Orçada em  cerca de R$ 38 milhões, a obra iniciou em fevereiro de 2017, mas está parada há meses devido à falta de pagamento à empresa Planaterra, que venceu a licitação. Nem a manutenção da estrada está sendo feita, deixando a rodovia em péssimas condições de tráfego, com muita lama e buracos oferecendo riscos para quem trafega.

 “Essa é um obra prometida há muitas eleições. Depois de muita pressão, a obra iniciou durante o governo Raimundo Colombo, mas nenhum trecho recebeu asfalto, está ainda na fase de abertura e alargamento da estrada, que é de chão batido. É revoltante a situação. As pessoas estão se mobilizando e nós estamos cobrando do governo. A paralisação das obras traz sérios prejuízos à população e aos cofres públicos, já que devido ao abandono  muita coisa está se deteriorando e terá de ser refeita”, descreveu Dresch. Além da denúncia da situação na tribuna, o deputado também apresentou moção solicitando explicações do Deinfra.

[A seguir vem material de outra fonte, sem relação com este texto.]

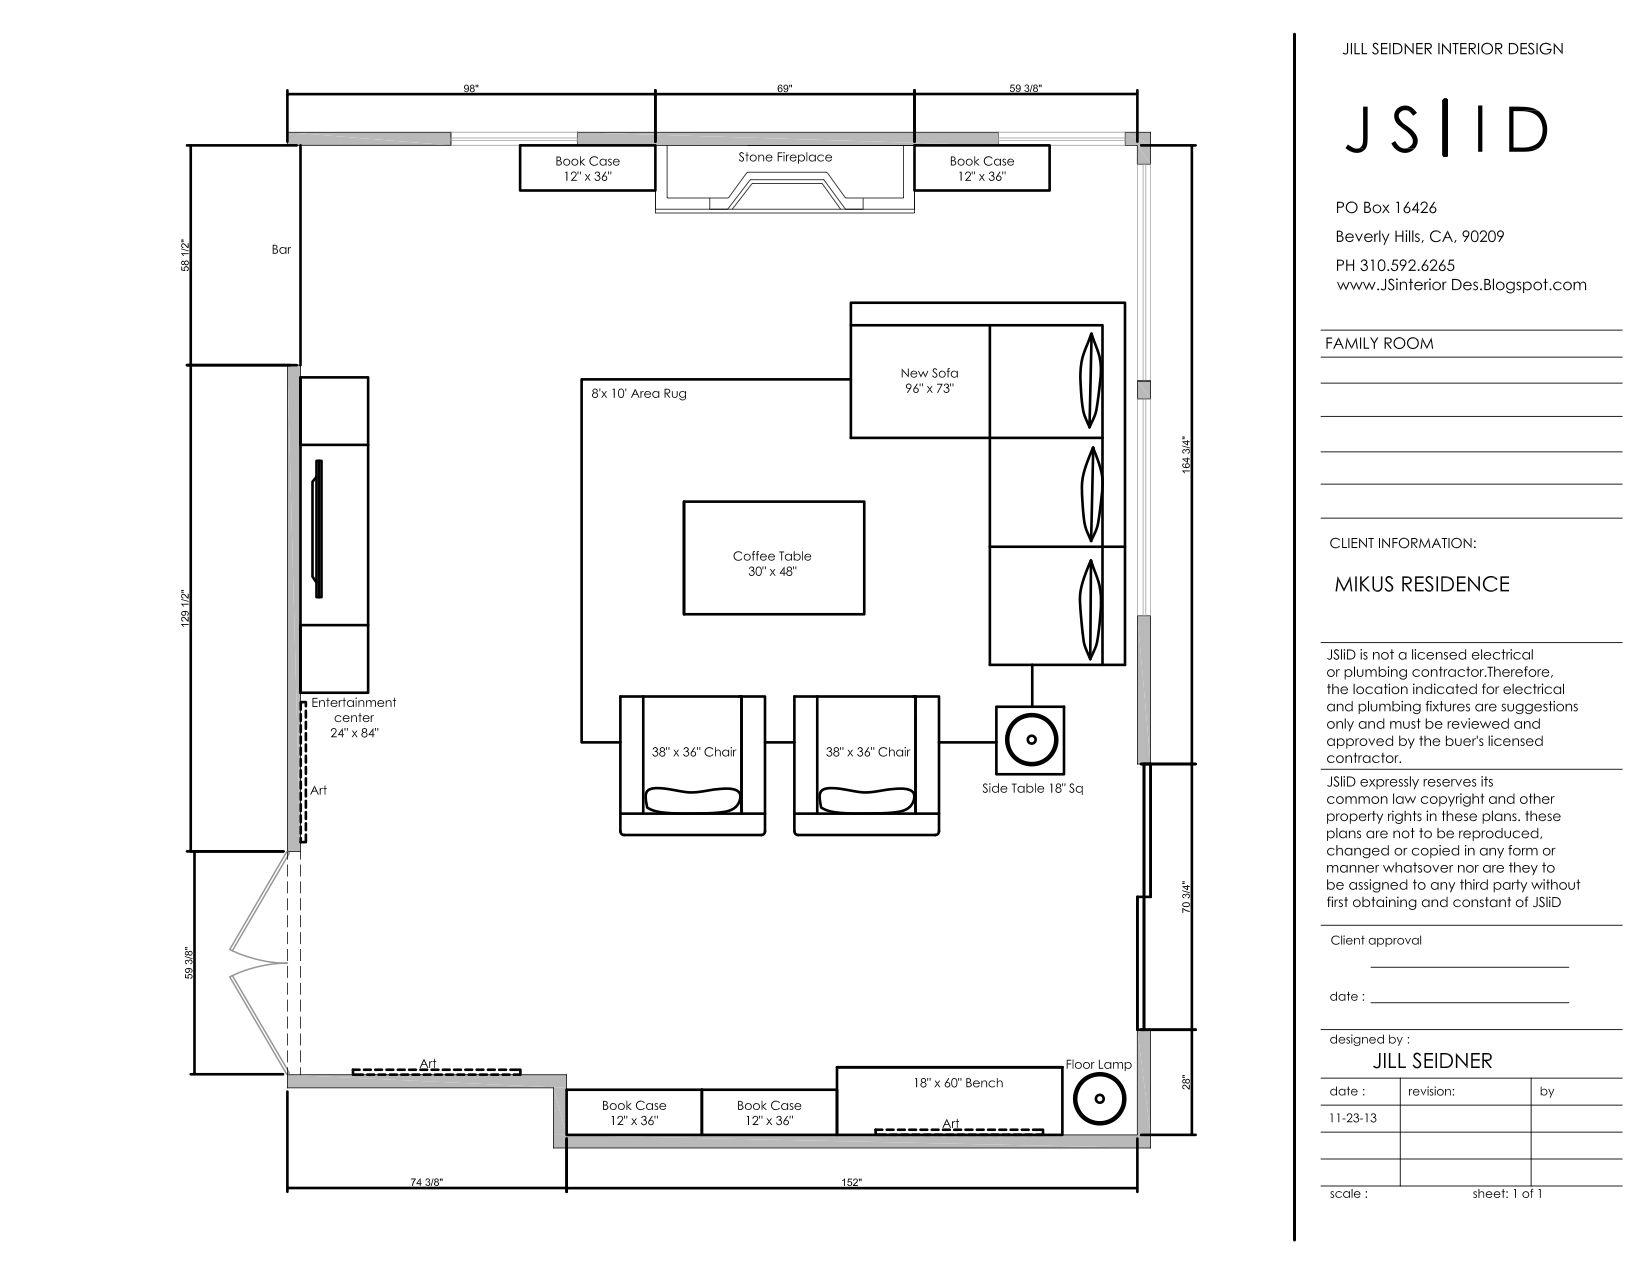 Online Design Project Family Room Furniture Floor Plan Layout Www Jsinteriordes Blogspot Com Family Room Family Room Furniture Arranging Bedroom Furniture
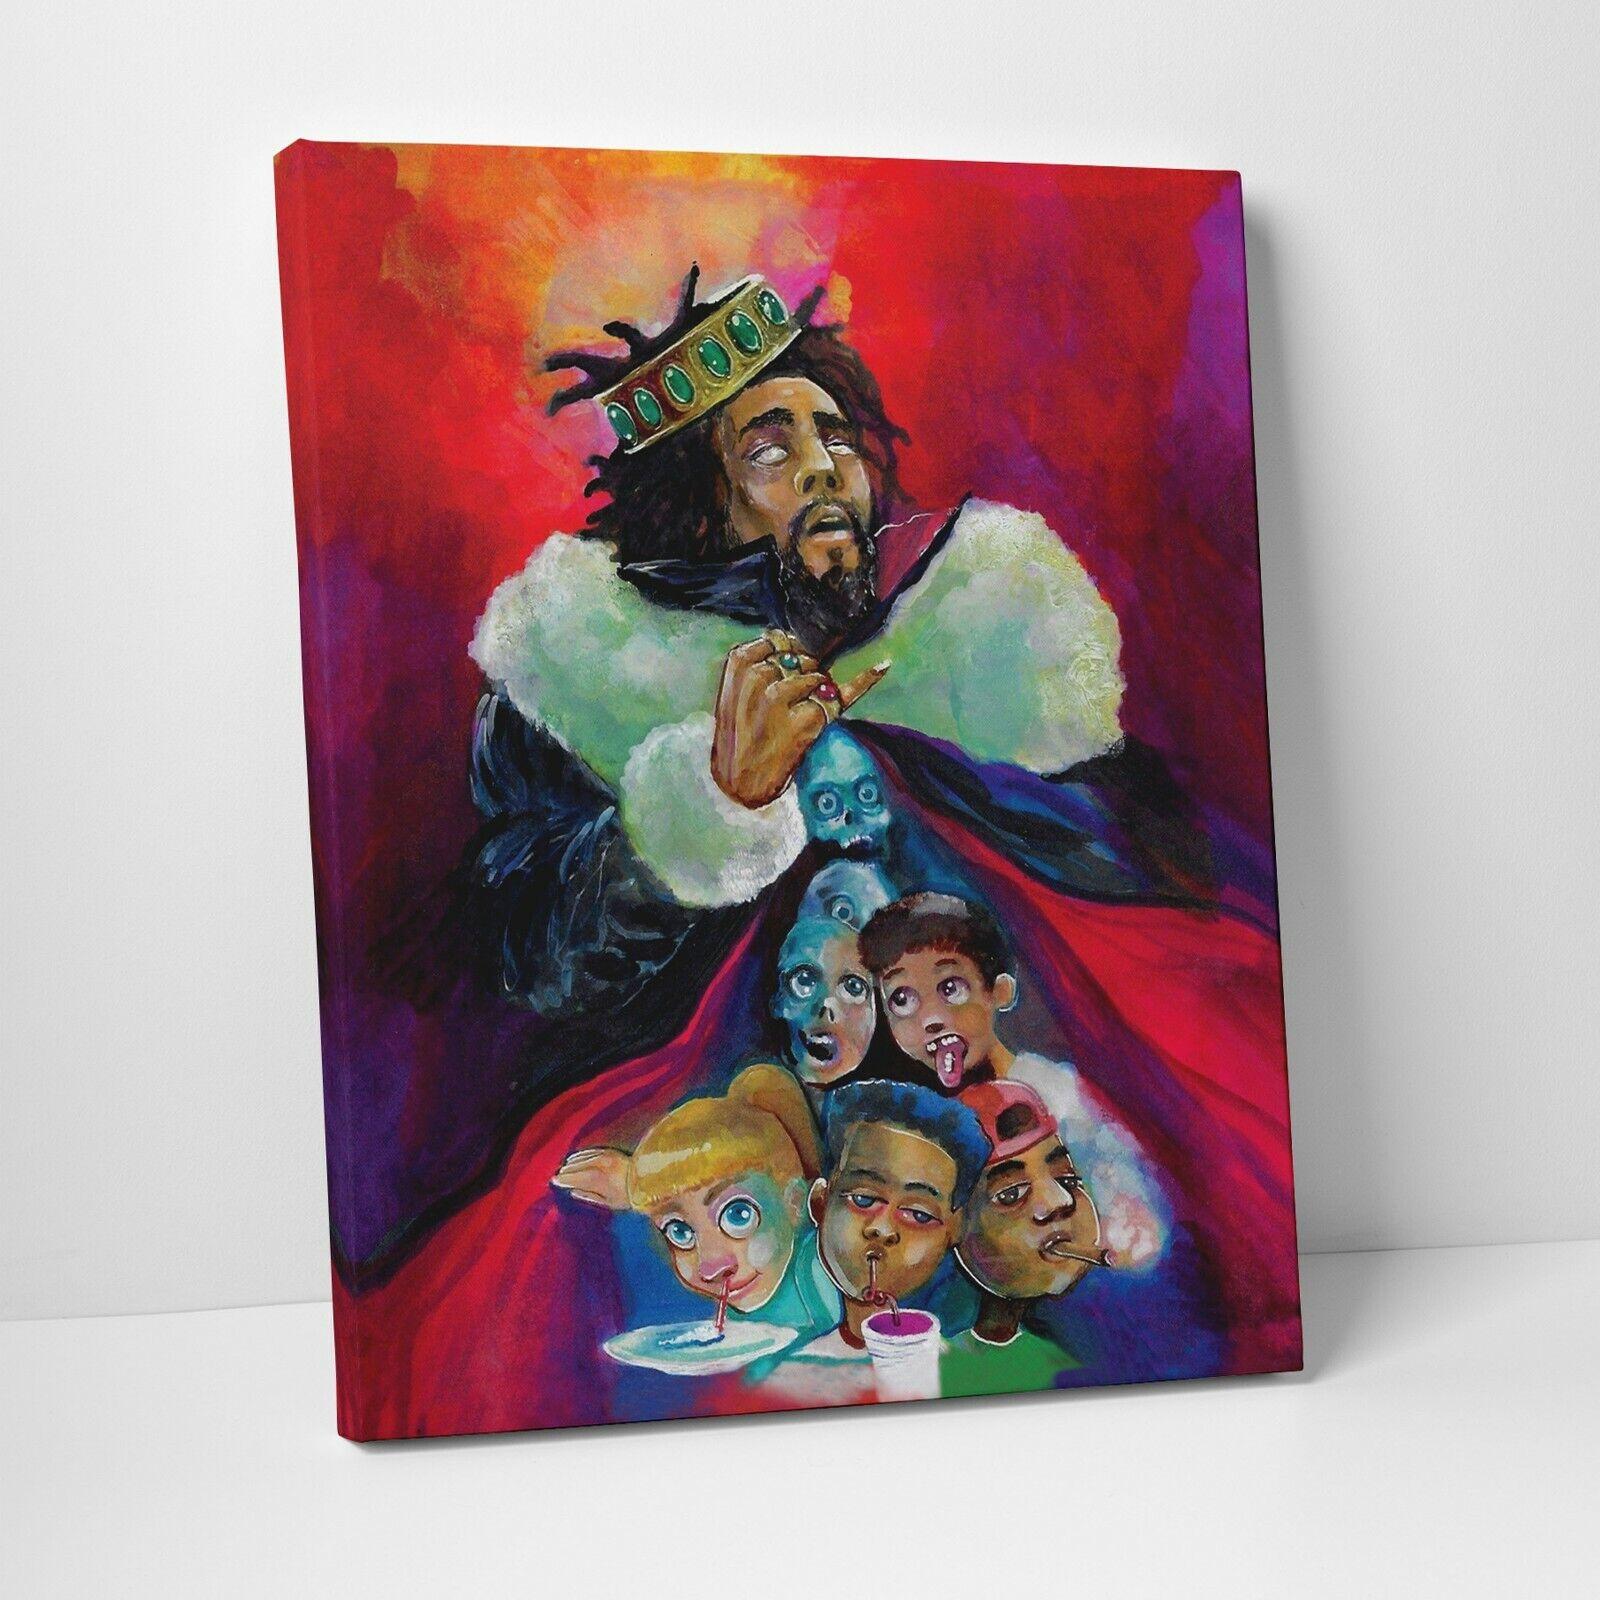 N-172 J Cole Poster KOD Music Tour Hip Hop Rap Music Wall Decor

Infraestrutura ameaçada pela má gestão

Conforme Dresch, a situação de abandono da obra da SC-390 não é um caso isolado. Ele afirma que em todas as regiões houve o abandono das rodovias estaduais e isso é um reflexo da má gestão do Estado nos últimos governos, que resultou em uma grave crise financeira. “Para o orçamento do ano que vem o governo já prevê um déficit de R$ 2 bilhões de reais. Este ano o governador  já admite que vai deixar R$ 700 milhões em dívida com fornecedores.  É lamentável essa situação em Santa Catarina, com obras abandonadas, com infraestrutura precária, com problemas em todas a áreas e o Estado endividado.”